Mon Aug 11 21:28:20 CEST 2014

On Mon, Aug 11, 2014 at 11:36:26AM -0700, Asmus Freytag wrote:
> I am responding to Vint's message, because, for some reason, I do
> not receive Andrew's messages via the list.

I'm copying you so that you see this one.

> First, the very same case has been in place for ø in Danish (and Norwegian)
> which will look like the sequence o + combining /, but is not deemed
> identical to it.

Just so I understand the example, are you claiming that people using
Unicode ever used such a combining sequence, or are you merely
observing that you can use arbitrary combinations to gin up
similar-appearing things?  I don't think the latter observation is
relevant here.

> As a result, Unicode has the principle of encoding all overlays
> as precomposed forms 

Yes, and nobody is objecting to that. 

> The case under consideration is rather similar. The combining
> hamza exists for a particular use case (Koran), but is otherwise
> not part of the orthography. 

This is a little like saying that in English, æ exists for a
particular use case (Latin-derived words and, in the US, a certain
foppishness about spelling) but is otherwise not part of the
orthography.  I don't see how the "otherwise" helps you.

> As I understand, the use of the
> combined form for a non-Arabic language is unrelated to
> applying  a "hamza" even though it uses the same squiggle.

Sure, I can buy that.

> What this has to do with two letters (whether 'a' and 'a' or
> ö and ö) being used in two different languages is a bit unclear
> to me, so I don't understand Andrew's question.
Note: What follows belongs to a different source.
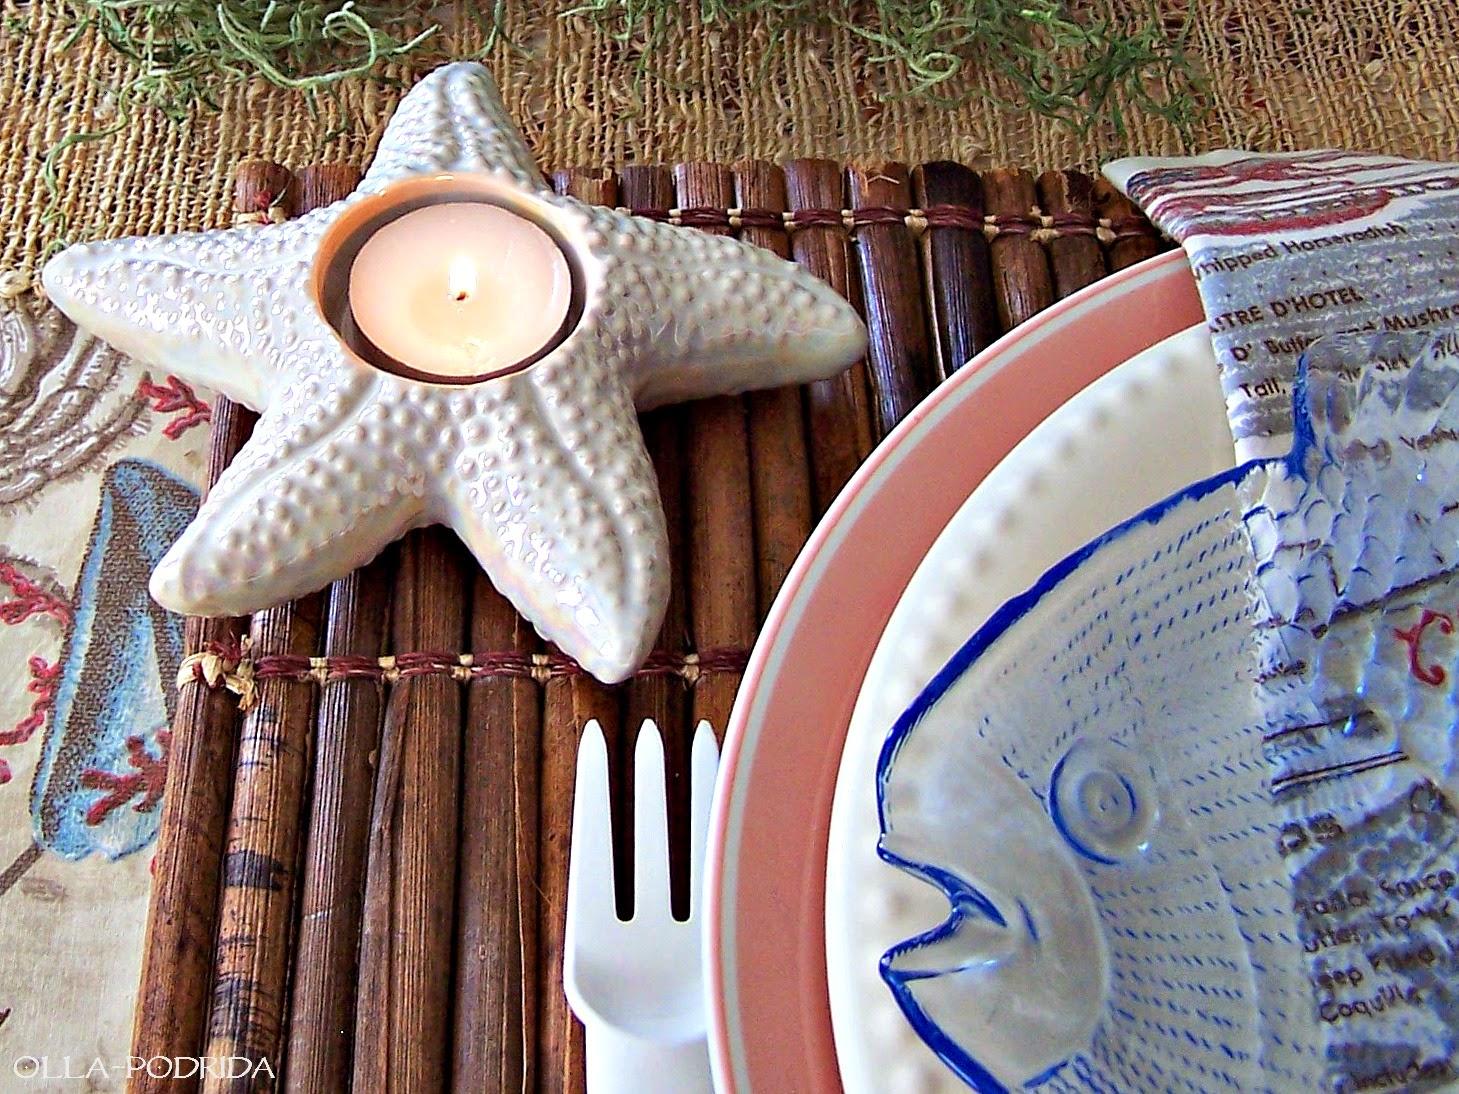 Olla Podrida Seaside Picnic Table Setting

In the case of ö and ö, it's a perfectly parallel argument, AFAICT.
If you want to argue that U+08A1 is a completely different letter in
an orthography to U+0628 with the decoration U+0654 on it, I'm
prepared to concede that.  But then I want to know why the Swedish use
of ö, which is a letter in the Swedish alphabet, is not
differently-encoded to o-with-an-umlaut in German (which is not a
different letter, but a letter with an accent on it).  If the Swedish
ö and the German ö were encoded differently, then we would not have
the problem that Patrik's last name can get misrendered by a
German-centric but naïve transliterator as "Faeltstroem".  (We'd have
a different problem, of course.)  

This different encoding notion seems to be entailed by the argument
for not normalizing U+08A1 to U+0628 plus U+0654.  What am I missing?

> For obvious reasons, this "thing" tends to happen for minority
> languages, not to say "obscure" ones, if only for the simple
> reason that the common, well-known, and prominent ones
> are all known and accounted for

Well, yes, but this "thing" also means that the minority or obscure
cases have existing work-arounds.  The older cases don't have a
problem, because practices aren't changing depending on the library of
Unicode you happen to have.  So to say that these are rare cases is in
fact to make the point that there is an issue for protocols
_stronger_, not weaker.

Best regards,

A

-- 
Andrew Sullivan
ajs at anvilwalrusden.com